Mais justement, la Cour des Comptes, malgré la qualité de son travail reste peu effective pour contraindre les gouvernements à l’efficacité. Comment permettre aux rapports du CESE d’échapper au classement sans suite ?
L’article 4 de l’ordonnance N°58-1360 dispose que le Premier Ministre fait connaître chaque année la suite donnée aux avis du CESE. Par ailleurs le CESE peut s’auto-saisir de tout sujet, il est donc possible d’organiser une audition publique régulière du Premier Ministre devant le CESE et tous les français, via les médias (chaînes publiques, Internet,…). Avant ou après les auditions du chef de gouvernement, toute personnalité dont les chefs de groupe parlementaire pourraient être invitées à donner leur point de vue.
Enfin il serait utile d’aménager l’ordre du jour de l’Assemblée Nationale et du Sénat pour en réserver une partie à tout sujet que le CESE aurait choisi de mettre en avant.
Ces journées seraient l’occasion pour tous les français d’entendre les partis et le gouvernement sur les sujets qui les préoccupent, d’une manière moins contraignante que le référendum populaire.

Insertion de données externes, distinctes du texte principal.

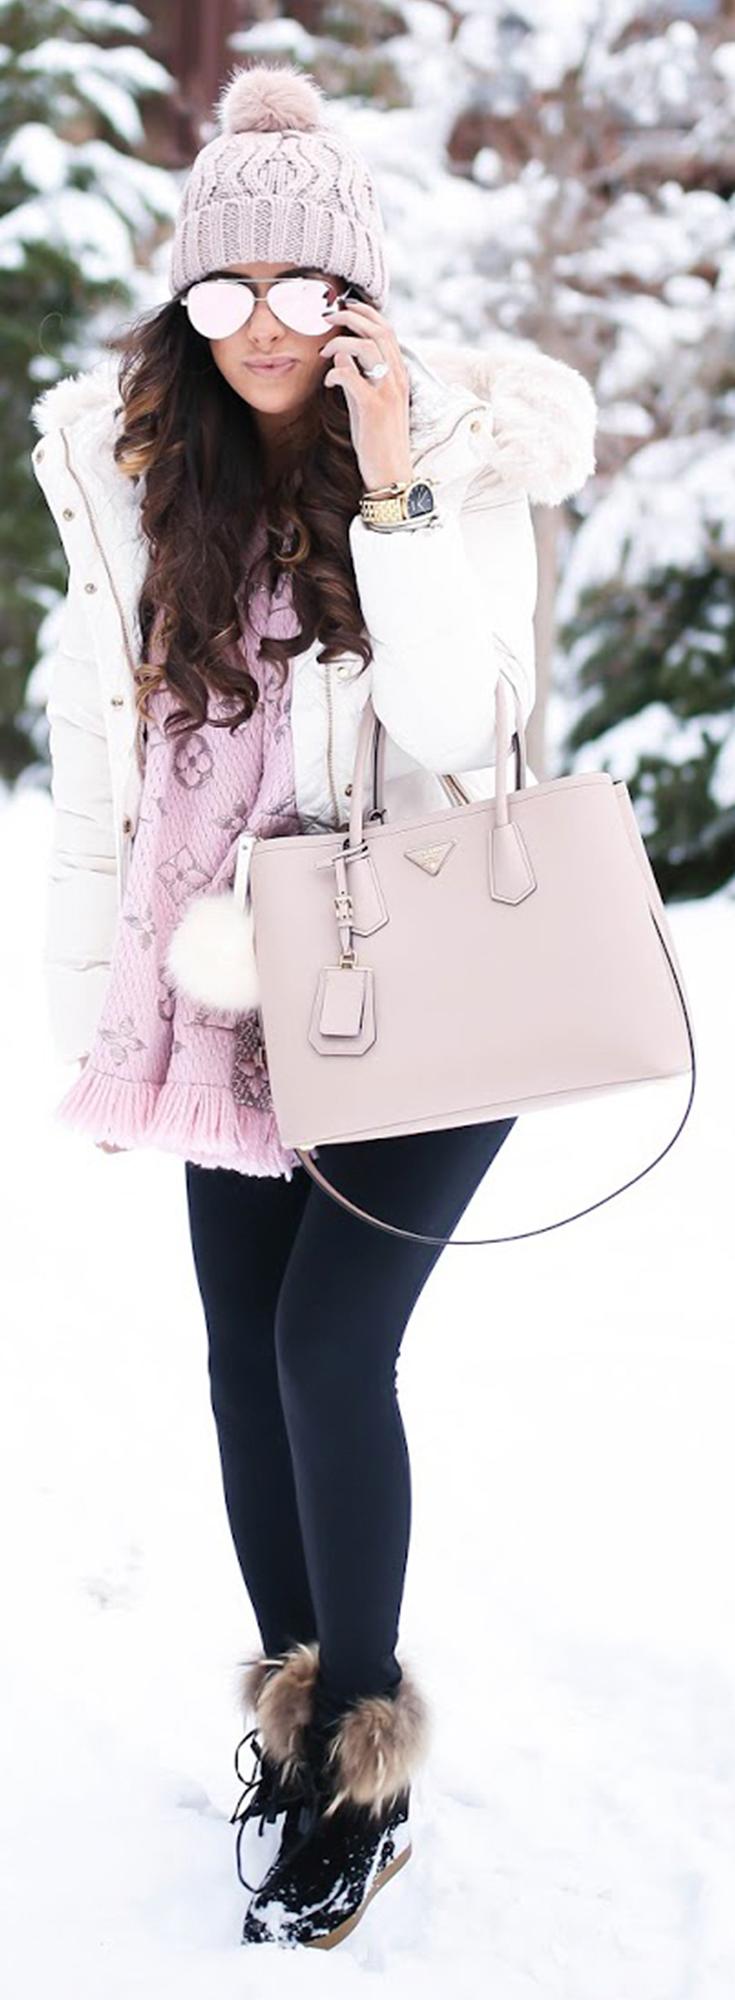 JACKET: old  BEANIE: H&M  SUNGLASSES   LEGGINGS:Zella  TEE:BP  HANDBAG:Prada  WATCH:Nixon  BRACELETS:The Styled Collectionc/o,David Yurman BOOTIES:Cecelia New York   SCARF:LV (RoseBallerine). The Sweetest Thing Blog, Emily Gemma Outfit. Fashion Style for Winter. Fashion Inspiration for Winter. #thesweetestthingblog #emilygemma #wintertrends #fashionstyle

Le Conseil économique, social et environnemental peut être consulté par le Gouvernement et le Parlement sur tout problème de caractère économique, social ou environnemental. Le Gouvernement peut également le consulter sur les projets de loi de programmation définissant les orientations pluriannuelles des finances publiques. Tout plan ou tout projet de loi de programmation à caractère économique, social ou environnemental lui est soumis pour avis.
Article 70 de la Constitution Tweet
Reconnecter la gouvernance de la France avec ses territoires
Diverses mesures de limitation du nombre et de la durée des mandats de représentation politique sont en place ou envisagés pour réduire la distance entre les dirigeants et les citoyens. La modernisation de la composition de la troisième assemblée de la République me paraît de nature à assurer une meilleure représentativité des territoires et de redonner la voix aux citoyens ordinaires, certes élus mais qui pour la majorité d’entre eux ne font pas de la politique une profession exclusive.